Introduction
This model is designed to address the Natural Language Inference (NLI) task using a pre-trained multilingual model. The goal is to predict the semantic relationship between two sentences (synonymous, antonymous, or semantically unrelated).
Requirements
- Python 3.6+
- TensorFlow 2.0+
- Transformers library
- Sentencepiece library
Dataset
The datasets contain two columns for sentence pairs (sentence_1
, sentence_2
) and one column for the label (label
). sentence_1
can be an English or Vietnamese sentence, sentence_2
is a Vietnamese sentence, and label
has three values: "agree", "disagree", and "neutral".
Model
I use the infoXLM-Large model from Hugging Face. The model is fine-tuned for the NLI task using TensorFlow Keras with additional layers for classification.
Experiments
To find the most suitable model for the task, I experimented with various multilingual models: mBERT, XLM-R, and infoXLM with their variations. The table below shows the experimental results with these models.

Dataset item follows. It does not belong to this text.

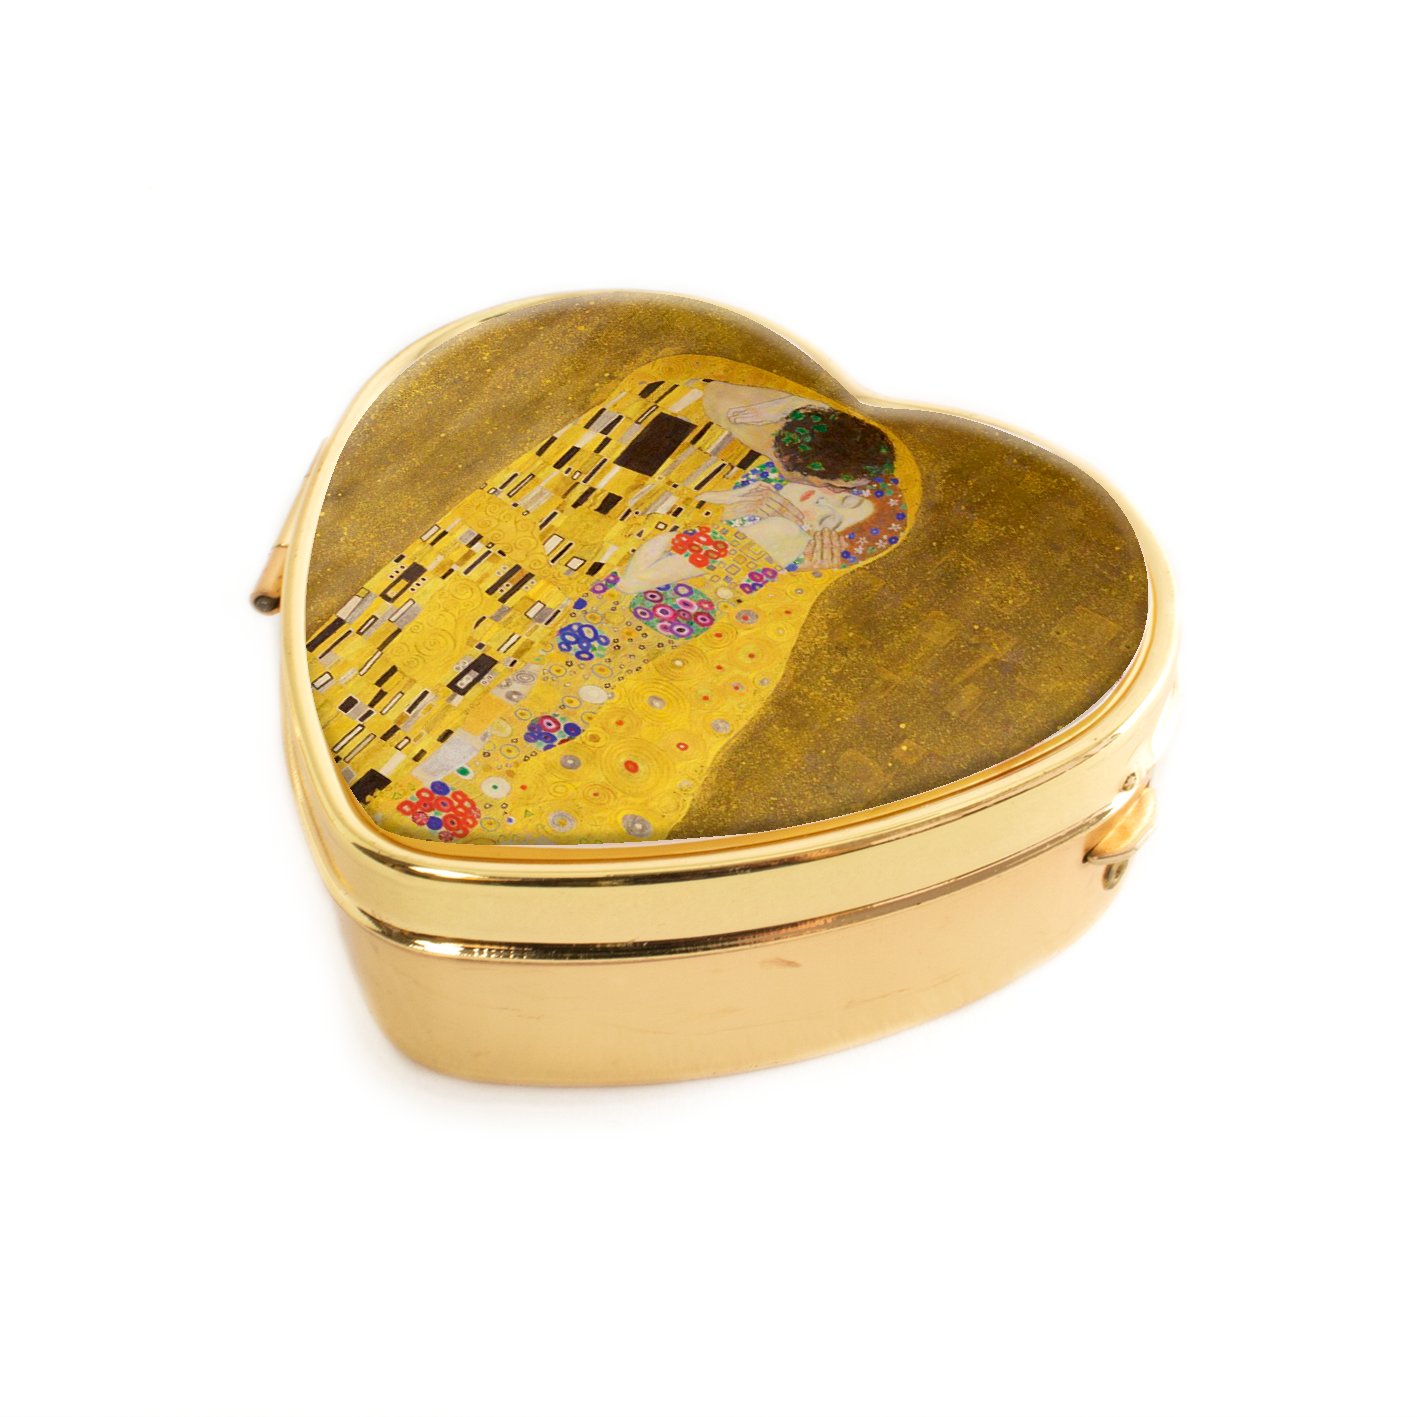 Voorzichtig Ontembare toelage Pillendoosje, hartvormig, Klimt| Museum Webshop - Museum-Webshop

Model | Train acc | Val acc | Test acc |
---|---|---|---|
mBERT | 0.95 | 0.86 | 0.85 |
XLM-RoBERTa-base | 0.96 | 0.9 | 0.9 |
XLM-RoBERTa-large | 0.99 | 0.95 | 0.96 |
InfoXLM-base | 0.85 | 0.88 | 0.87 |
InfoXLM-large | 0.99 | 0.96 | 0.96 |
The two models, XLM-R-large and InfoXLM-large, yielded nearly identical results. Ultimately, I chose the InfoXLM-large model to address this task.
Acknowledgements
Thank you to the authors of the mBERT, XLM-R, and infoXLM models.